And help me understand why you're posting here instead of talking to a lawyer.


----------



## Yeswecan (Jul 25, 2014)

ScubaSkyDiver said:


> She keeps telling me she isn't doing anything wrong and it's no big deal and I am overwhelming her with all of my expectations. I just want her to do what she says no matter what it is. I feel that when I give her my word or agree to do something I need to do it, and if I don't agree at some point we should discuss it and not just stop doing what I agreed to do or not do. She will just later on decide the agreement no longer applies then change or not do what we agreed to and I have to confront her. It's starting to make me feel like I am crazy. She says I am a control freak with all of these expectations. I just want her to do what she says....


Being open with all accounts, social media and honest is not a control freak. It is quite normal in a lot of relationships. 

She will not do what she says because it is interrupting her, what appears, to be connection with OM.


----------



## Yeswecan (Jul 25, 2014)

ScubaSkyDiver said:


> As far as expectations goes. This is what I have. She told me that she didn't want me using terms of endearment when talking to others on FB or text (suger, lover, sexy, gorgeous) stuff like that and that she would not either. I don't do that. She does. She told me what she didn't want me to meet up with female friends for lunch of other things because that was not right. I don't, she did. These were girls that were good family friends that I have known for years. She asked me to stop talking to a close female friend because she thought the girl was attracted to me. I assured her that was not the case and she had nothing to worry about, but was was all upset so I ended the friendship. (see what I said above about her ex). In addition to that she lies to be about many things. She was slurring her speech the other day on the phone and I could tell she had been drinking (this is another issue). I asked her if she was and she became very upset with me saying who am I accusing her of things. Then when I came home I discovered she had in fact been drinking and the rest of the bottle we had started the night before was done. I mean this list really goes on and on. Does this mean she just doesn't value me or does the need help? I love her and if she needs help I want to get it for her not leave her but it's driving me nuts. I worry all the time about where she is and show she is with. She has lied to me about those things too.


And your W calls you a control freak? :|

Sir, you're W is up to something. It does not appear good. It would be a good time to check up on her activities.


----------



## zillard (Nov 13, 2012)

Yeswecan said:


> And your W calls you a control freak? :|
> 
> Sir, you're W is up to something. It does not appear good. It would be a good time to check up on her activities.

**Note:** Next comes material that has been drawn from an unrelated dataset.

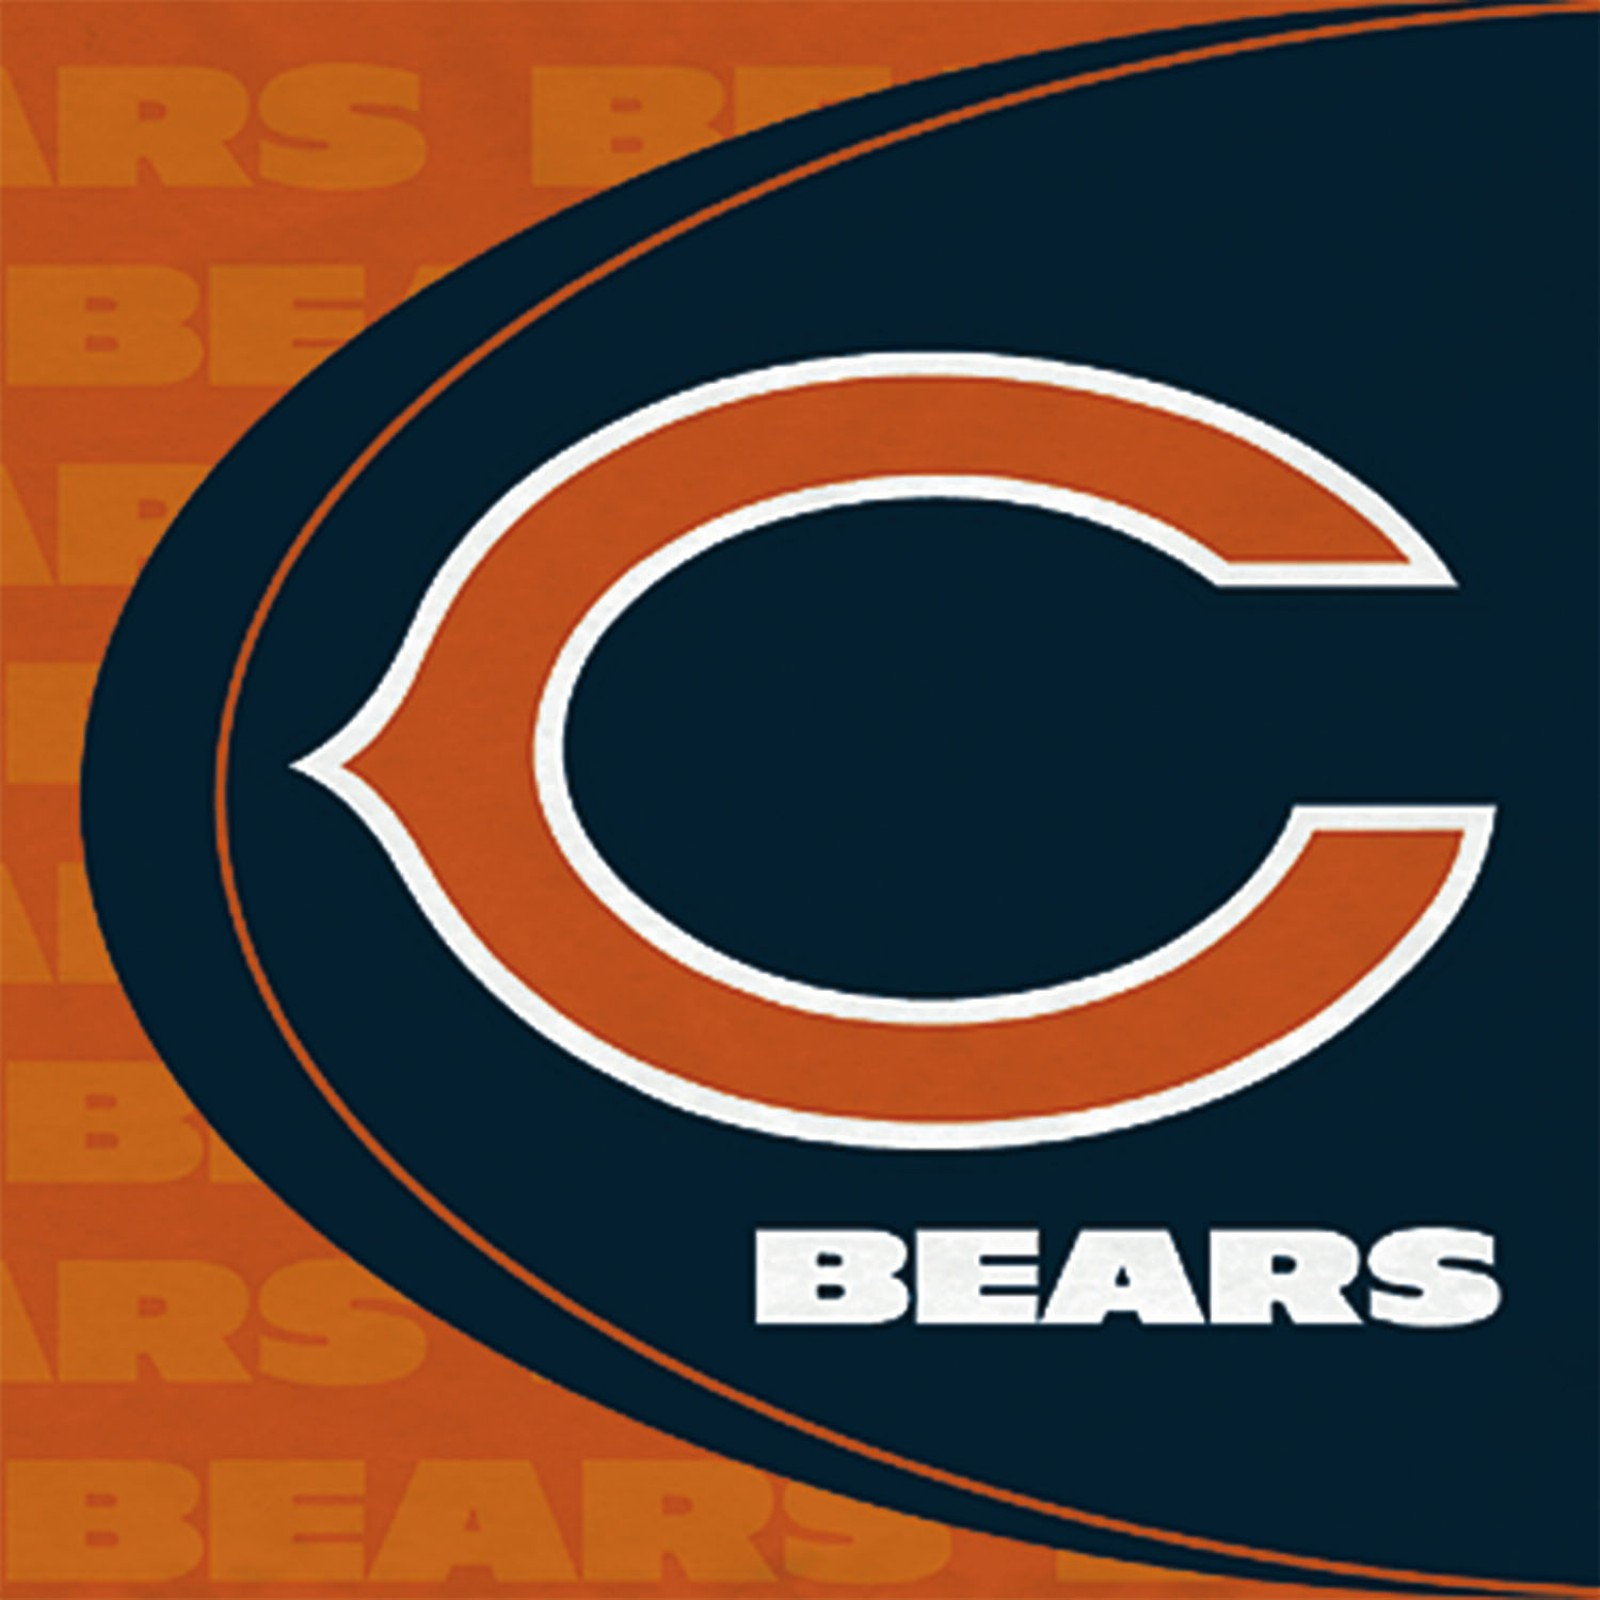 Chicago Bears 2jpg phone wallpaper by chucksta 1600x1600

Sounds like her "rules" and accusations are projections.
_Posted via Mobile Device_


----------



## MarriedDude (Jun 21, 2014)

She is behaving exactly as you have taught her. She makes an agreement with you, breaks it, lies to you, gets caught....then you do nothing.

If you don't mean what you say and follow through, neither will she. 

Have you even told her the consequence for lying and remaining in contact with her affair partner? If you did....did you follow through?

You only put up with what you want to out up with. When you are ready for it to stop, you'll stop it.
_Posted via Mobile Device_


----------



## ScubaSkyDiver (Jun 8, 2015)

I guess I was hoping she would stop her ways. She has promised me so many times to be honest and keep her word but this seems to be a never ending battle. I keeping hoping she will snap out of it, but apparently that isn't ever going to happen. 




zillard said:


> Why should she stop eating cake? It's yummy.
> 
> You tell her not to but keep handing her a fork.


----------



## Yeswecan (Jul 25, 2014)

ScubaSkyDiver said:


> I guess I was hoping she would stop her ways. She has promised me so many times to be honest and keep her word but this seems to be a never ending battle. I keeping hoping she will snap out of it, but apparently that isn't ever going to happen.


The capt of the Titanic was hoping to make the Atlantic crossing in under a week.

Consequence sir. Pack her bags, expose the affairs if you have not already and start the D process. Consequences.


----------



## 3Xnocharm (Jun 22, 2012)

I went through this with an ex boyfriend, and it IS crazy-making. Her actions are proving WHO is more important to her.


----------



## zillard (Nov 13, 2012)

ScubaSkyDiver said:


> I guess I was hoping she would stop her ways. She has promised me so many times to be honest and keep her word but this seems to be a never ending battle. I keeping hoping she will snap out of it, but apparently that isn't ever going to happen.


Try to think of cheating as an addiction (addiction to the validation, attention, etc). Some addicts do snap out of it, but it rarely happens before they hit rock bottom. 

If they have enablers in their lives who will put up with it, they never reach that bottom and don't wake up, as they have no huge ugly reason to.

They'll lie, cheat, steal - whatever is necessary to get the fix.


----------



## Lostinthought61 (Nov 5, 2013)

Your only crazy in that your willing to put up with her shenanigans, her deceit, her betrayals, and lies....she is rug sweeping everything and taking no ownership and some how the only thing that seem to bother you the most is that she is not living up to her promises...you have bigger problems then her living up to the no masturbating rule.


----------



## Marduk (Jul 16, 2010)

Here's what you do.

You pick up the phone, and make an appointment with your lawyer. You do what he tells you what to do.

Here's how to decide this is what to do:

You realize that you've agreed not to touch yourself or put your eyeballs wherever you want, while she gets to have sex with other guys.

Which is a pretty ****ty place to put yourself.

Because that's where you're at.

Phone. 

Lawyer. 

Today.


----------



## zillard (Nov 13, 2012)

Give her a reason to take you seriously. 

*obviously without violence or verbal abuse - cool, firm, dispassionate


----------



## Kitt (Jun 3, 2015)

zillard said:


> Why should she stop eating cake? It's yummy.
> 
> You tell her not to but keep handing her a fork.


Zillard, this is exactly what I was going to write....great minds and all that'!:grin2:


----------



## turnera (Jan 22, 2010)

ScubaSkyDiver said:


> I guess I was hoping she would stop her ways.


Why should she? You make it so easy for her to continue.


----------



## MaryJane90 (May 24, 2015)

Listen, you are a victim here and it seems as though you want to be. You're married to a liar and a cheater. You know these things. She clearly has no intentions of changing or respecting you whatsoever. You can choose to continue living like that or get out and enjoy the life you have left with people who love and respect you.


----------